Sunday, December 14, 2014

Confessions of an English Opium-Eater and Other Writings by Thomas de Quincey

Here was a panacea -- a pharmakon nepenthes -- for all human woes: here was the secret of happiness, about which philosophers had disputed for so many ages, at once discovered: happiness might be bought for a penny, and carried in the waistcoast pocket: portable ecstacies might be had corked up in a pint bottle: and peace of mind could be sent down in gallons by the mail coach.

De Quincey's memoir Confessions of an English Opium-Eater is separated into sections called "The Pleasures of Opium" and "The Pains of Opium," interwoven with biographical passages that describe the poverty and homelessness that led him to seek comfort in opium.  But it's hard to shake the impression that the pleasures outweigh the pains--often de Quincey's description of the opium experience seems to foretell the pro-hallucinatory rhetoric of the 1960's.  "I sometimes seemed to have live for 70 or 100 years in one night," he writes, "nay, sometimes had feelings representative of a millenium passed in that time, or however, of a duration far beyond the limits of any human experience."  But when shit gets bad, shit gets bad:

But now that which I call the tyranny of the human face began to unfold itself.  Perhaps some part of my London might be answerable for this.  Be that as it may, now it was that upon the rocking waters of the ocean the human face began to appear: the sea appeared paved with innumerable faces, upturned to the heavens: faces, imploring, wrathful, despairing, surged upwards by the thousands, by myriads, by generations, by centuries: -- my agitations was infinite, -- my mind tossed -- and surged with the ocean.

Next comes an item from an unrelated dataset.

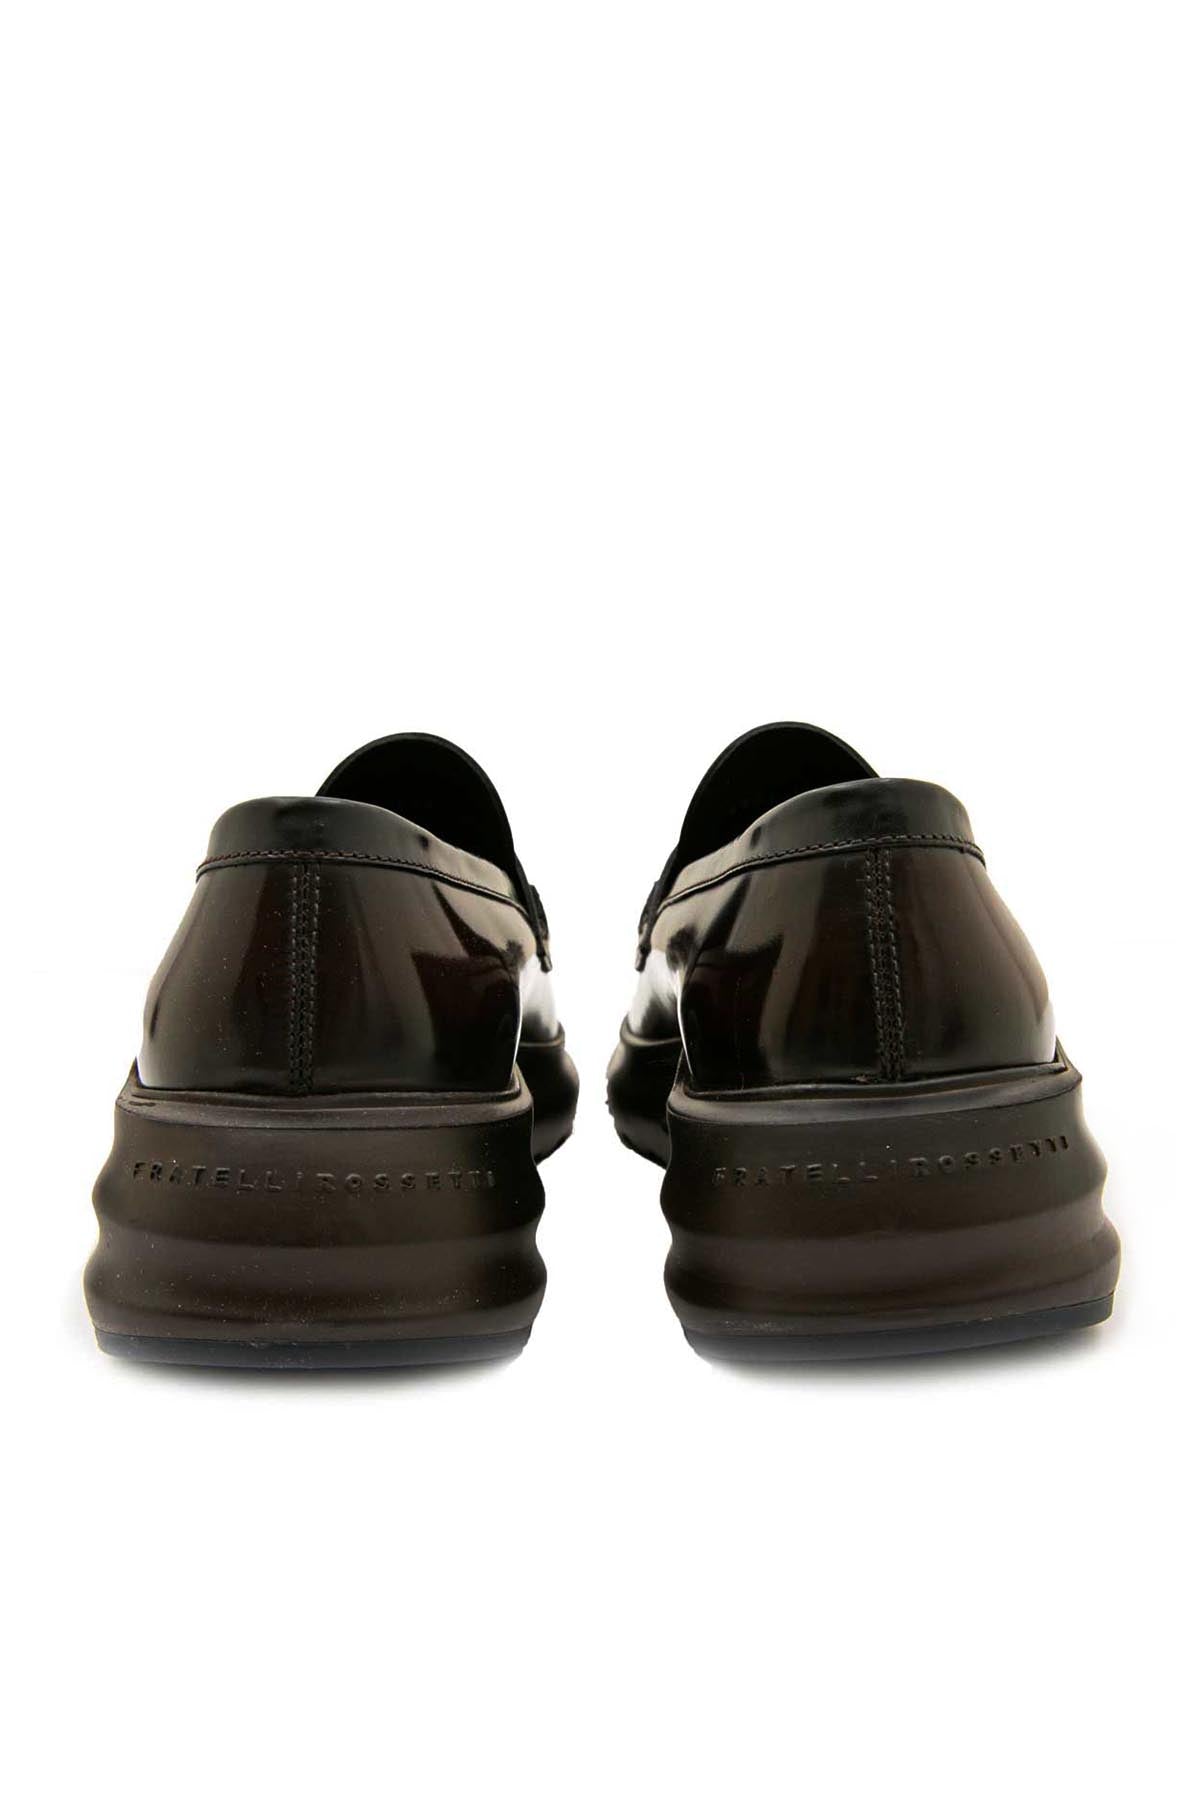 Fratelli Rossetti Kemerli Loafer Ayakkabı-Libas Trendy Fashion Store

De Quincey's descriptions of his opium dreams are intricate, harrowing, and often grotesque.  I wanted more of them.  I think I hadn't expected the extensive autobiographical stuff that dominates the first section--mostly about de Quincey's endless drifting through London--and so it was difficult to adjust that expectation.  I really just wanted to the get to the opium.

I think I enjoyed the appended writings a little more for that reason.  One is a collection of essays and scraps of memoir called Suspiria Profundis, and one a short meditation on the English Mail-Coach, which apparently doubled as a kind of hired long-distance transportation.  I especially liked a brief piece from Suspiria Profundis called "Savannah-la-Mar," which uses the image of a drowned Jamaican city to meditate on the passage of time and its relationship to God.

Apparently The Confessions lead a bunch of people to actually become addicted to opium.  It didn't have that effect on me, but maybe I didn't read it closely enough.  How about you, Liz?

1 comment:

Brent Waggoner said...

Liz has been in an opium fog since 2009, but I'll ask her if she ever comes up for air.